Available data →

- - - - -

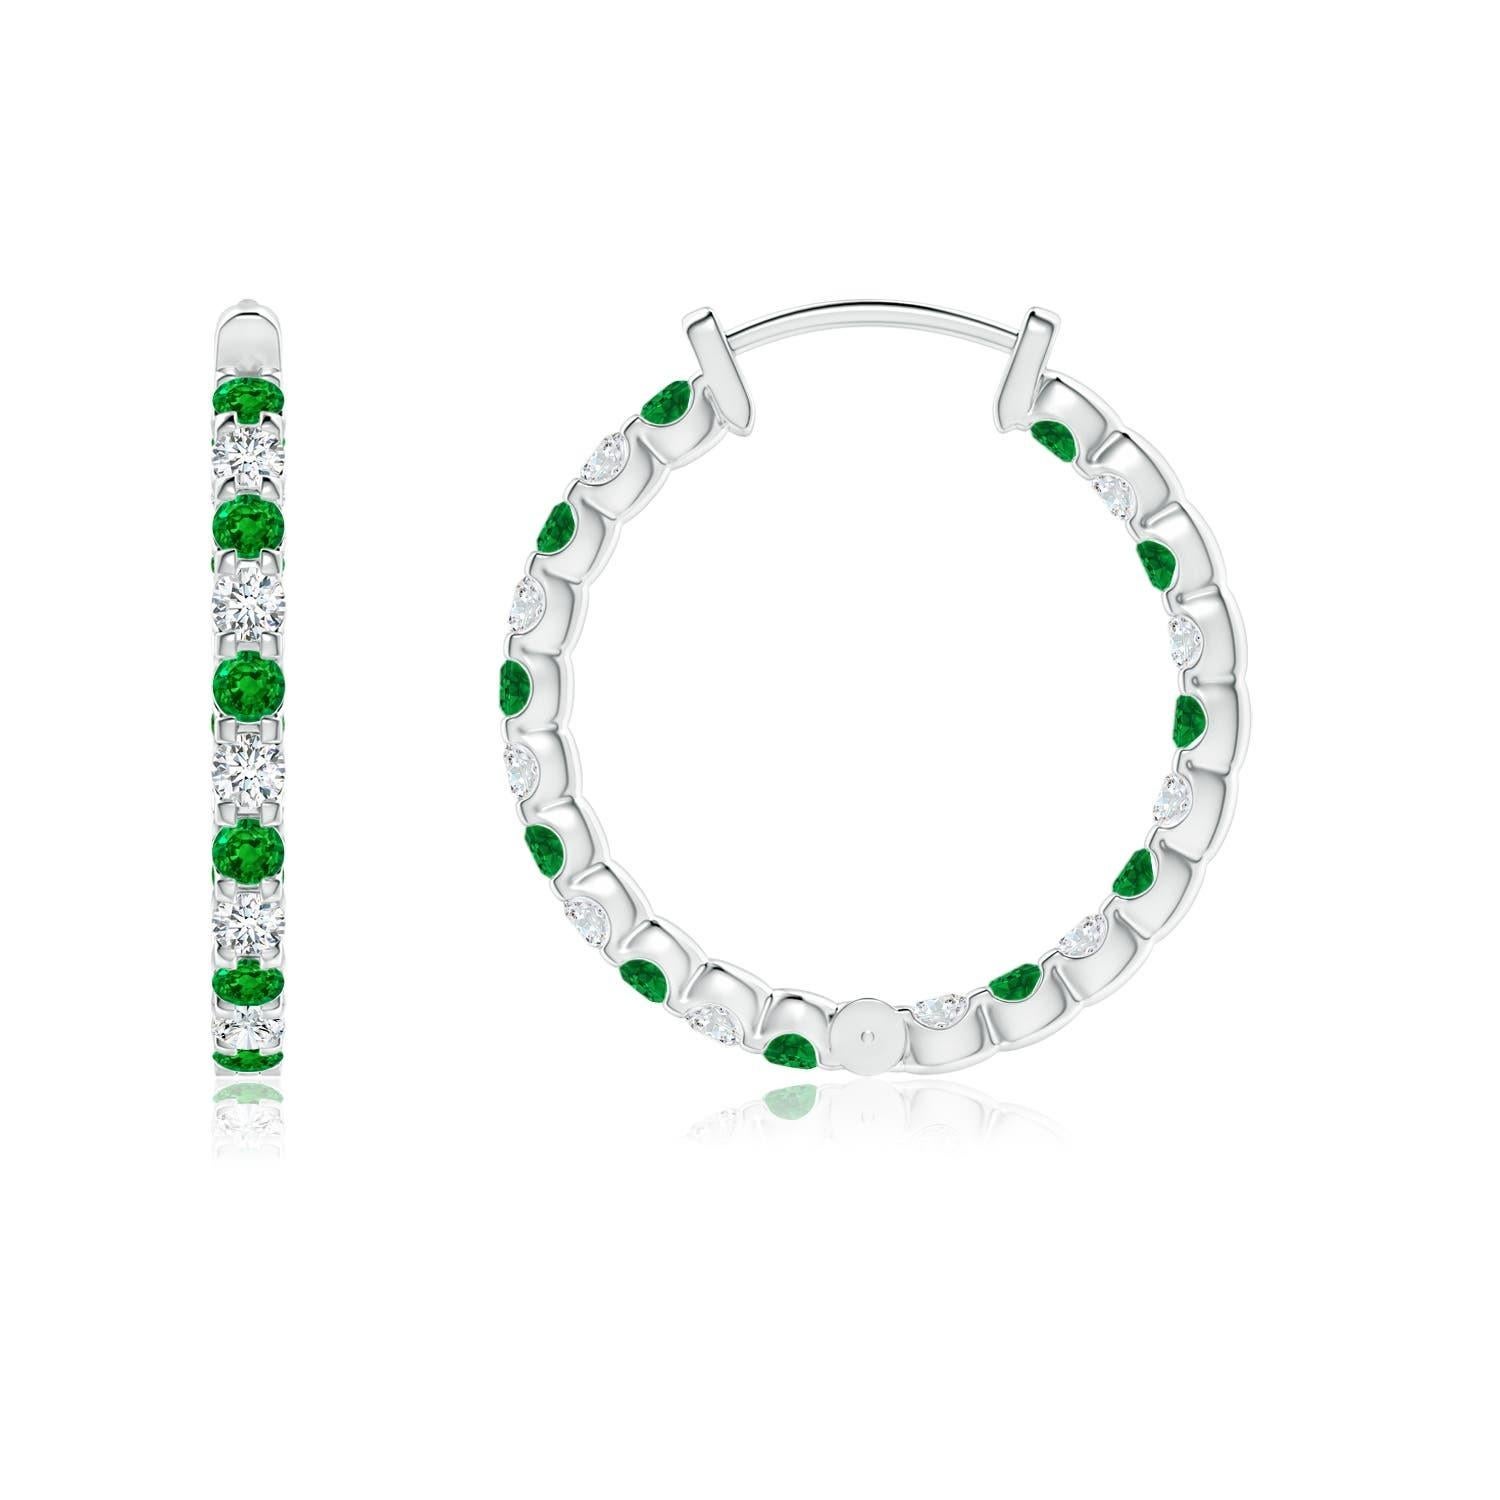 Diese atemberaubenden Ohrringe sind abwechselnd mit üppigen grünen Smaragden und Brillanten in Zackenfassung besetzt. Die funkelnden Edelsteine sind sowohl auf der Außenseite als auch auf der Innenseite dieser 14-karätigen Weißgoldreifen verziert
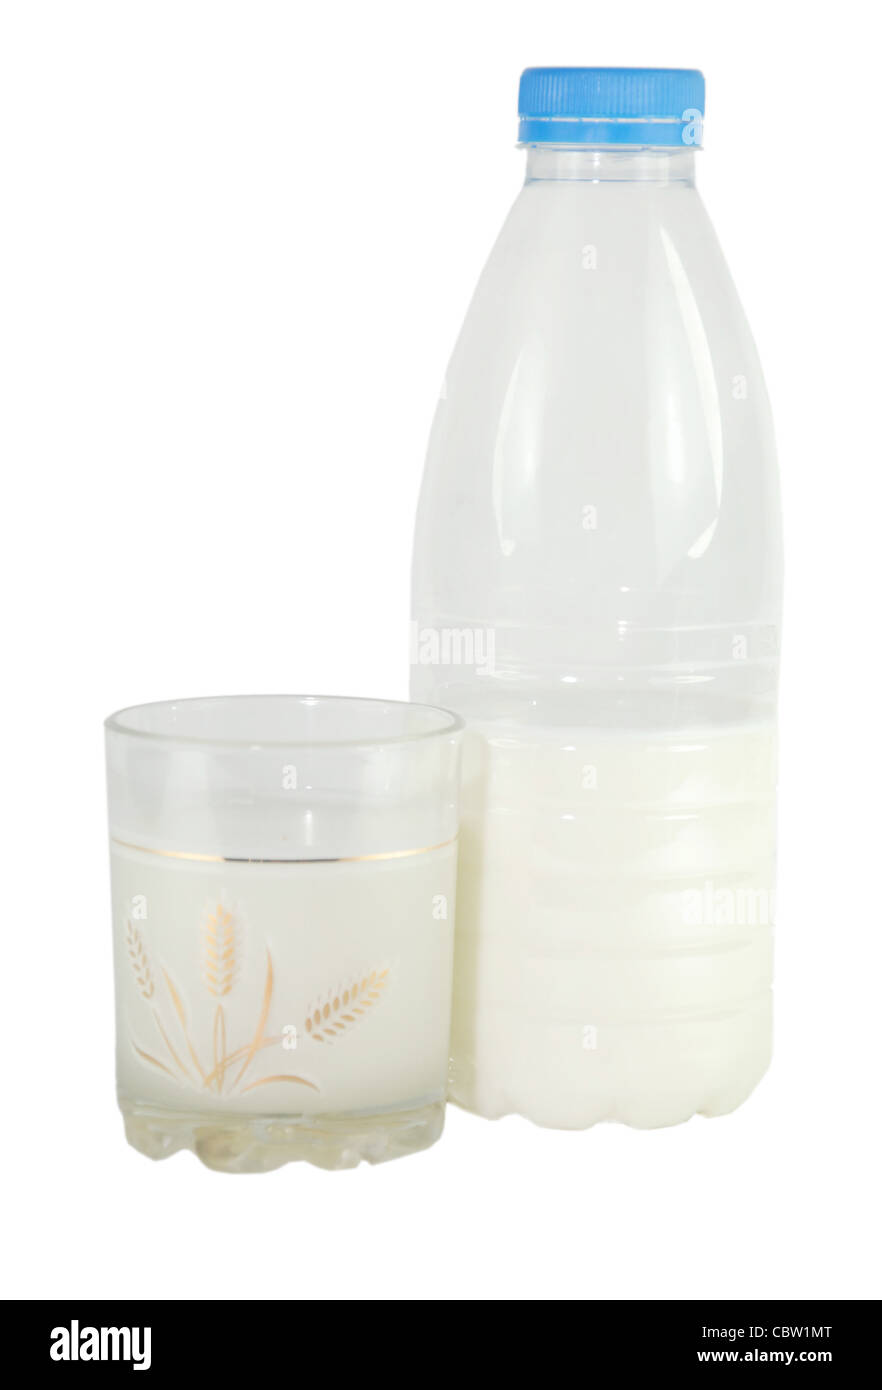 Vidrio, una botella de leche abundante, útil sobre un fondo negro Foto de stock
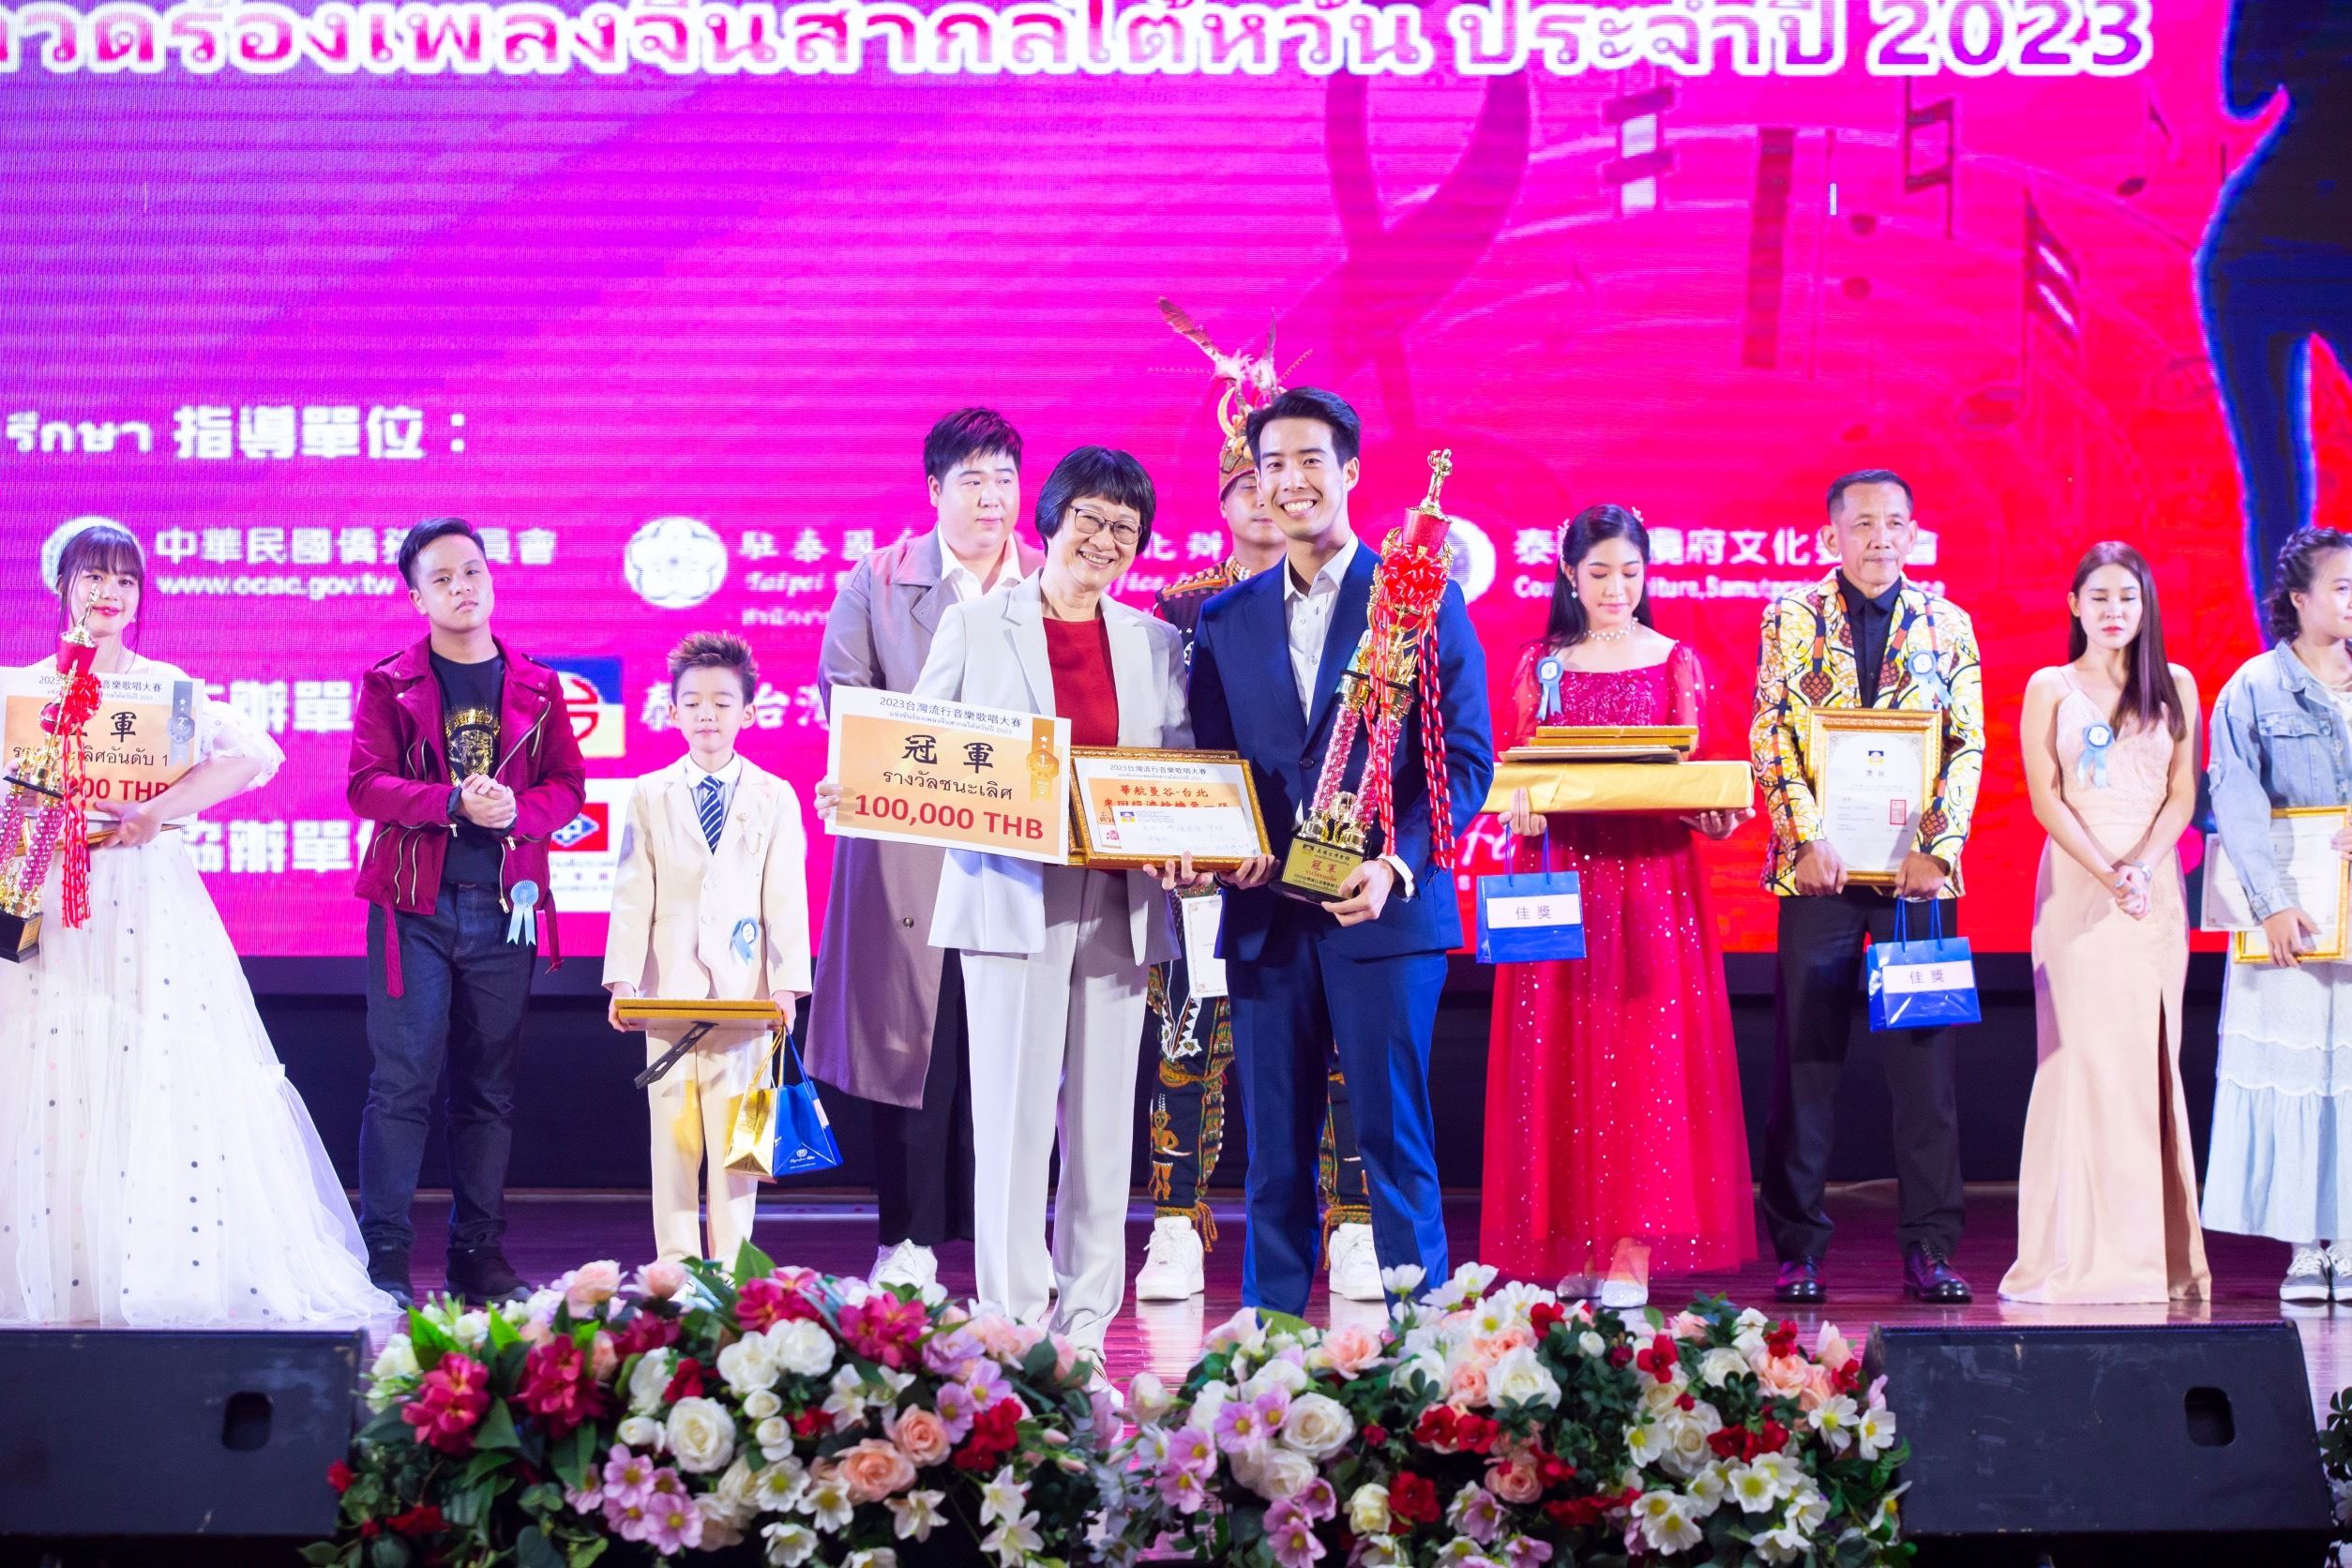 กระทรวงวัฒนธรรมจัด “การประกวดร้องเพลงจีนสากลไต้หวันปี 2023” ที่ประเทศไทย ภาพ/จากกระทรวงวัฒนธรรม
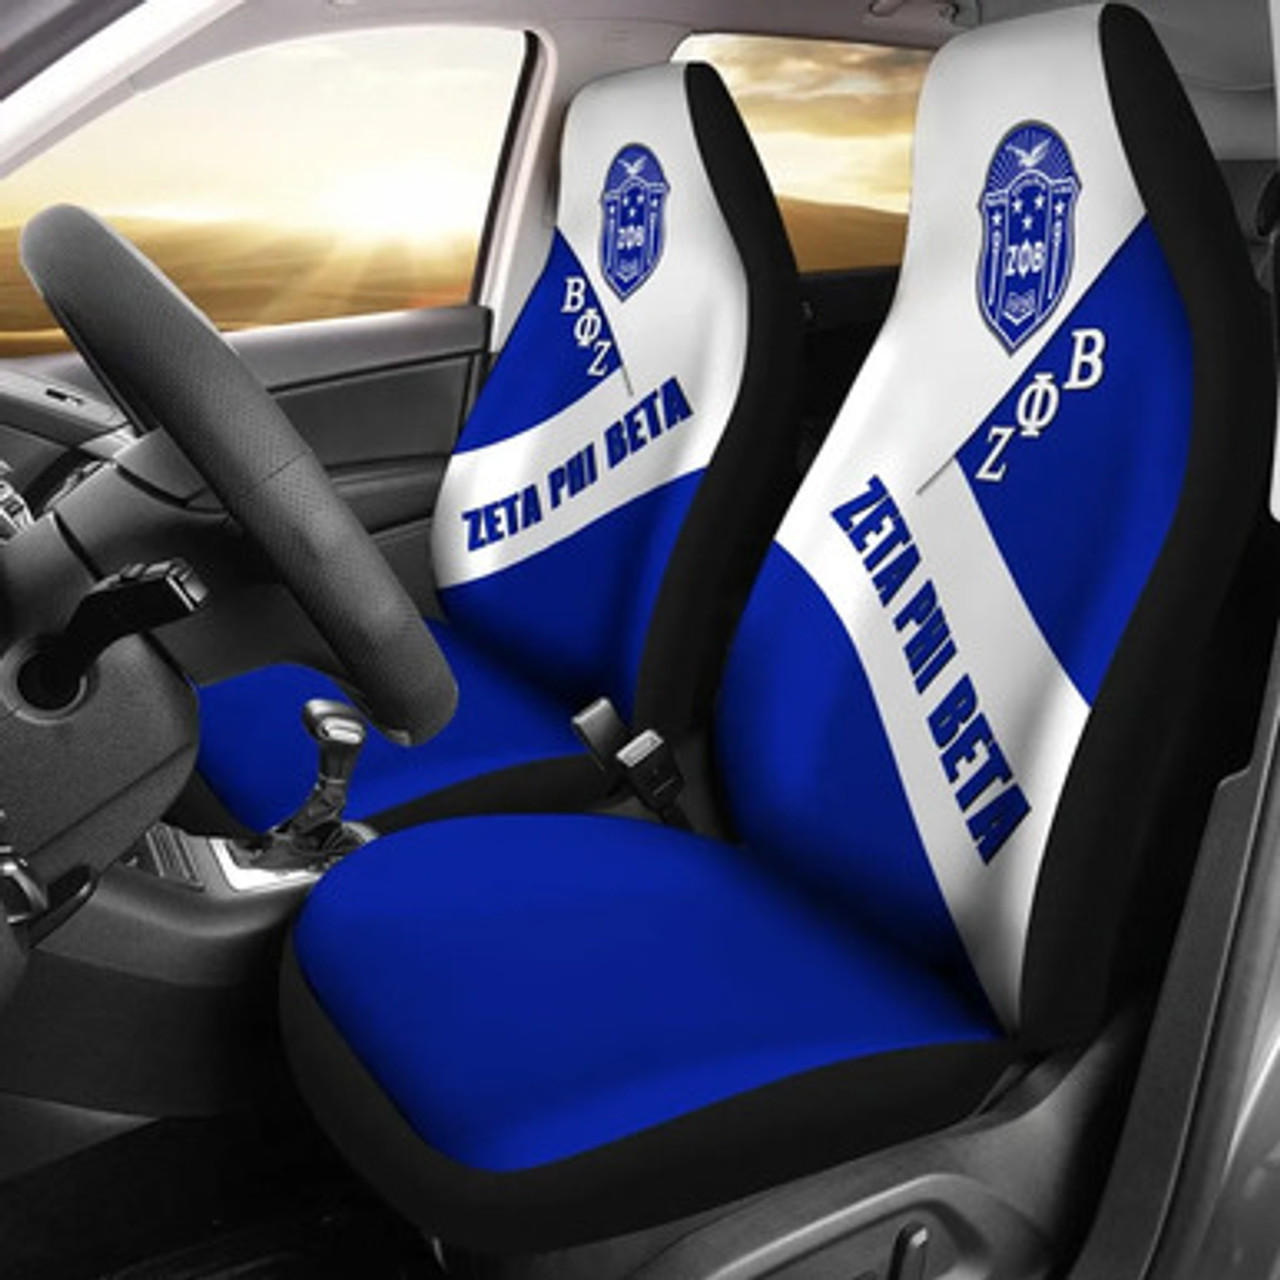 Zeta Phi Beta Car Seat Cover - Sorority In Me Car Seat Cover

- - - - -

What to do → Keep the pictures out while you retype all of the data above exactly as it appears.

Output for this exercise →
 Diese atemberaubenden Ohrringe sind abwechselnd mit üppigen grünen Smaragden und Brillanten in Zackenfassung besetzt. Die funkelnden Edelsteine sind sowohl auf der Außenseite als auch auf der Innenseite dieser 14-karätigen Weißgoldreifen verziert
 Vidrio, una botella de leche abundante, útil sobre un fondo negro Foto de stock
 กระทรวงวัฒนธรรมจัด “การประกวดร้องเพลงจีนสากลไต้หวันปี 2023” ที่ประเทศไทย ภาพ/จากกระทรวงวัฒนธรรม
 Zeta Phi Beta Car Seat Cover - Sorority In Me Car Seat Cover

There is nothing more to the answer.